# Need an LCD monitor and TV Tuner card suggestion



## Aparajith (Nov 23, 2006)

Hi guys,

I am from Pune. I need to buy a new 17 - inch LCD monitor for gaming, movies and general use. Keep the price budget below 12k. I also need a good TV tuner card with H/W encoder capabilities ( cos I heard they give a better clarity. The difference between Mercury TV Tuner cards and Pinnacle cards was what my friend mentioned ). The price budget for this cud be below 4k. I will be going to Mumbai this weekend and need to buy them immediately. So kindly provide me with suggestions and names of shops at Lamington Road where I may buy them.
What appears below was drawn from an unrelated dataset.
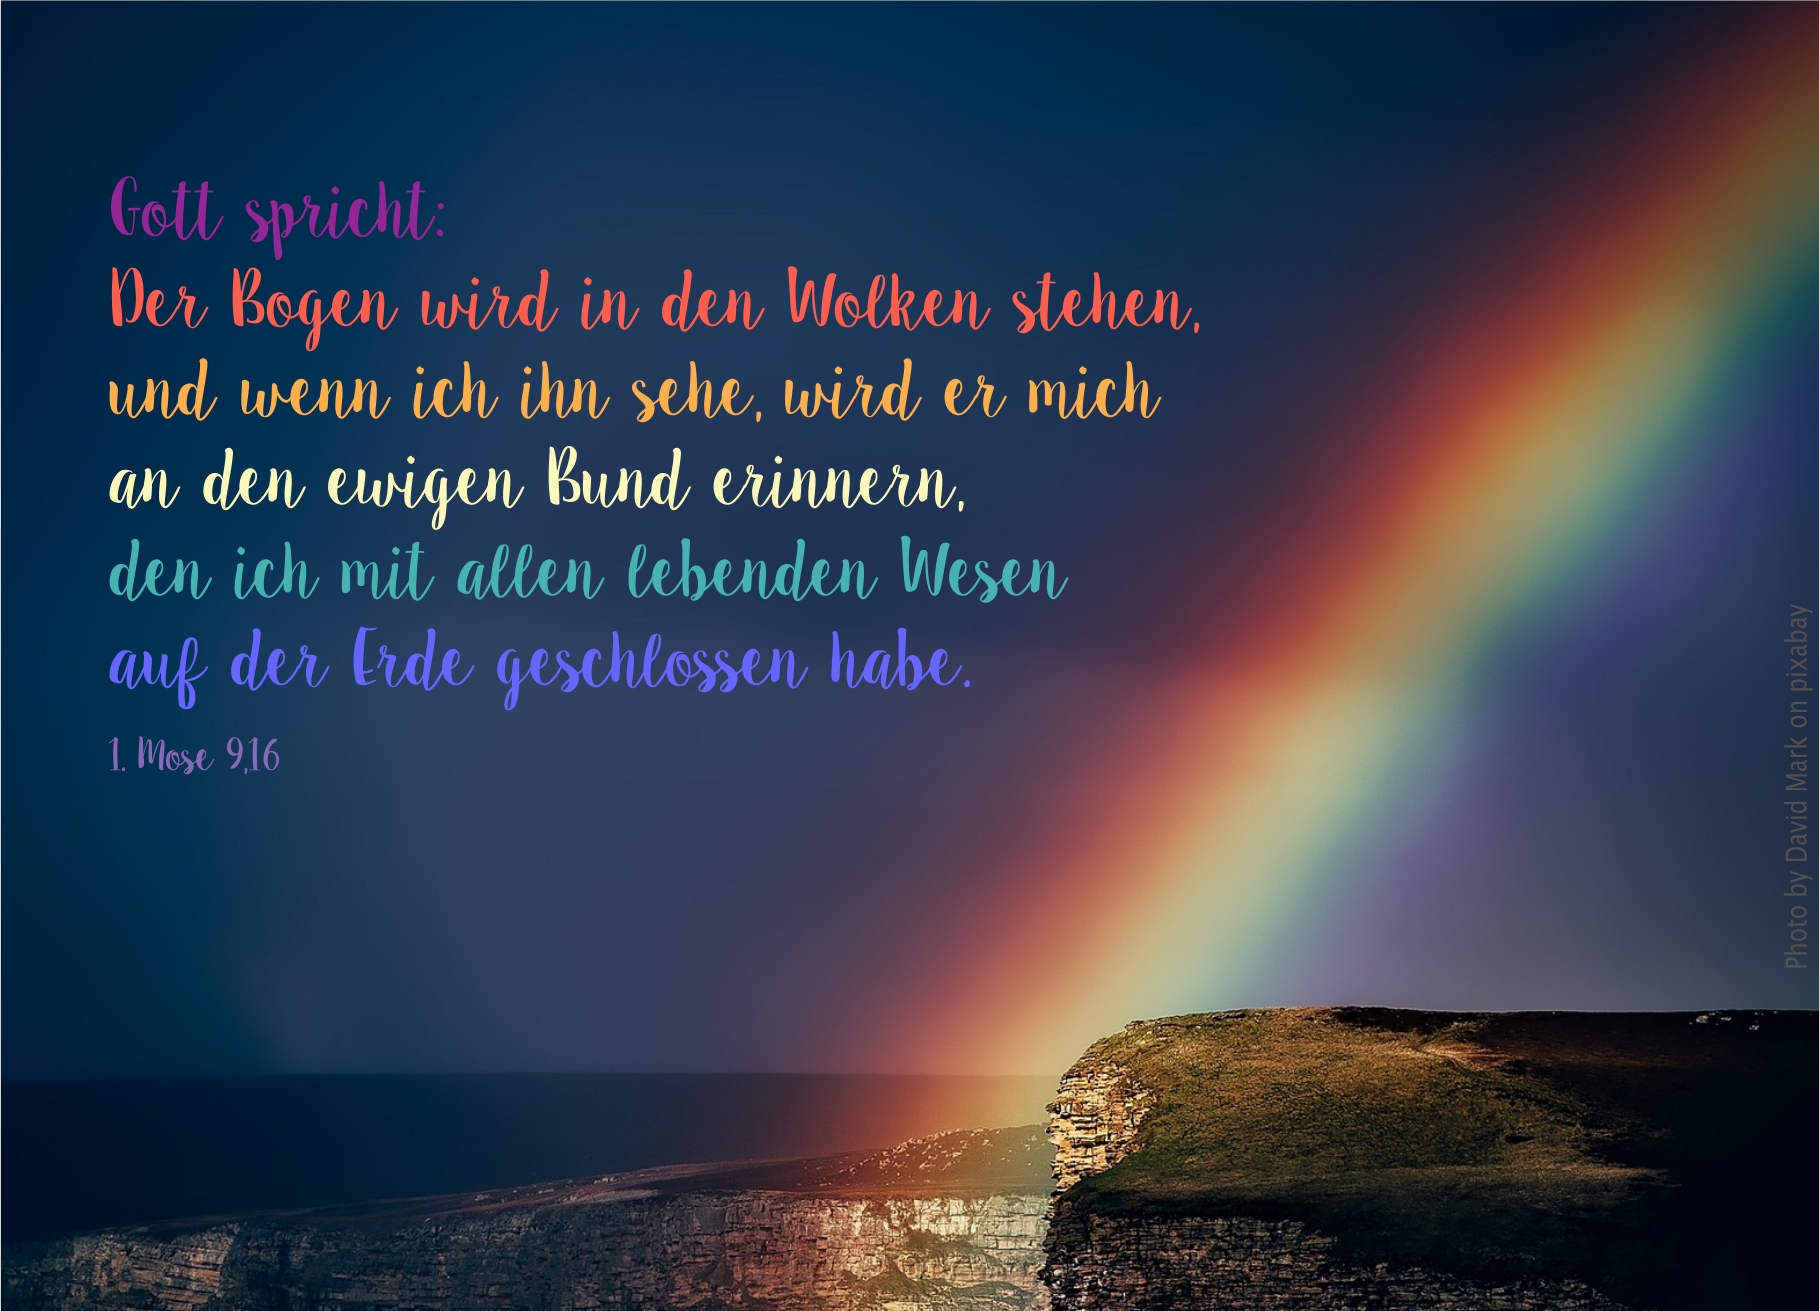 alt="regenbogen_an_steilkueste_erwartet_bibelhoerbuch_gottes_friedensbund"

Provide specific model numbers so I may directly buy those products. Thank you for ur suggestions.


----------



## Aniruddh (Nov 23, 2006)

For 17" LCD get either of 1-Samsung 740n for 11k,OR Viewsonic VP720B for 12K may b lil more then dat(MY CHOICE as it has a betta Brightness and 4ms Compared to Samsungs 8ms.as for TV tuner card pinnacle is betta compared to mercury,and for the exact model number i m sure others will help u out.CHEERS


----------



## da_tcpip (Nov 23, 2006)

as far LCDs are considered.. i would suggest to up your budget by a grand or two and get a WIDEscreen lcd.. its looks fantastic and worth every paisa you put into
for tv tuners.. i myself am gonna buy a pinnacle in a few weeks.. lemme know which one do u end up buying.. and give me a review


----------



## Aniruddh (Nov 23, 2006)

U can also check for LG as hav heard frm many that der nu models r really gud.i'll let u kno that exact model number soon...and it will b sum where arnd 11k.


----------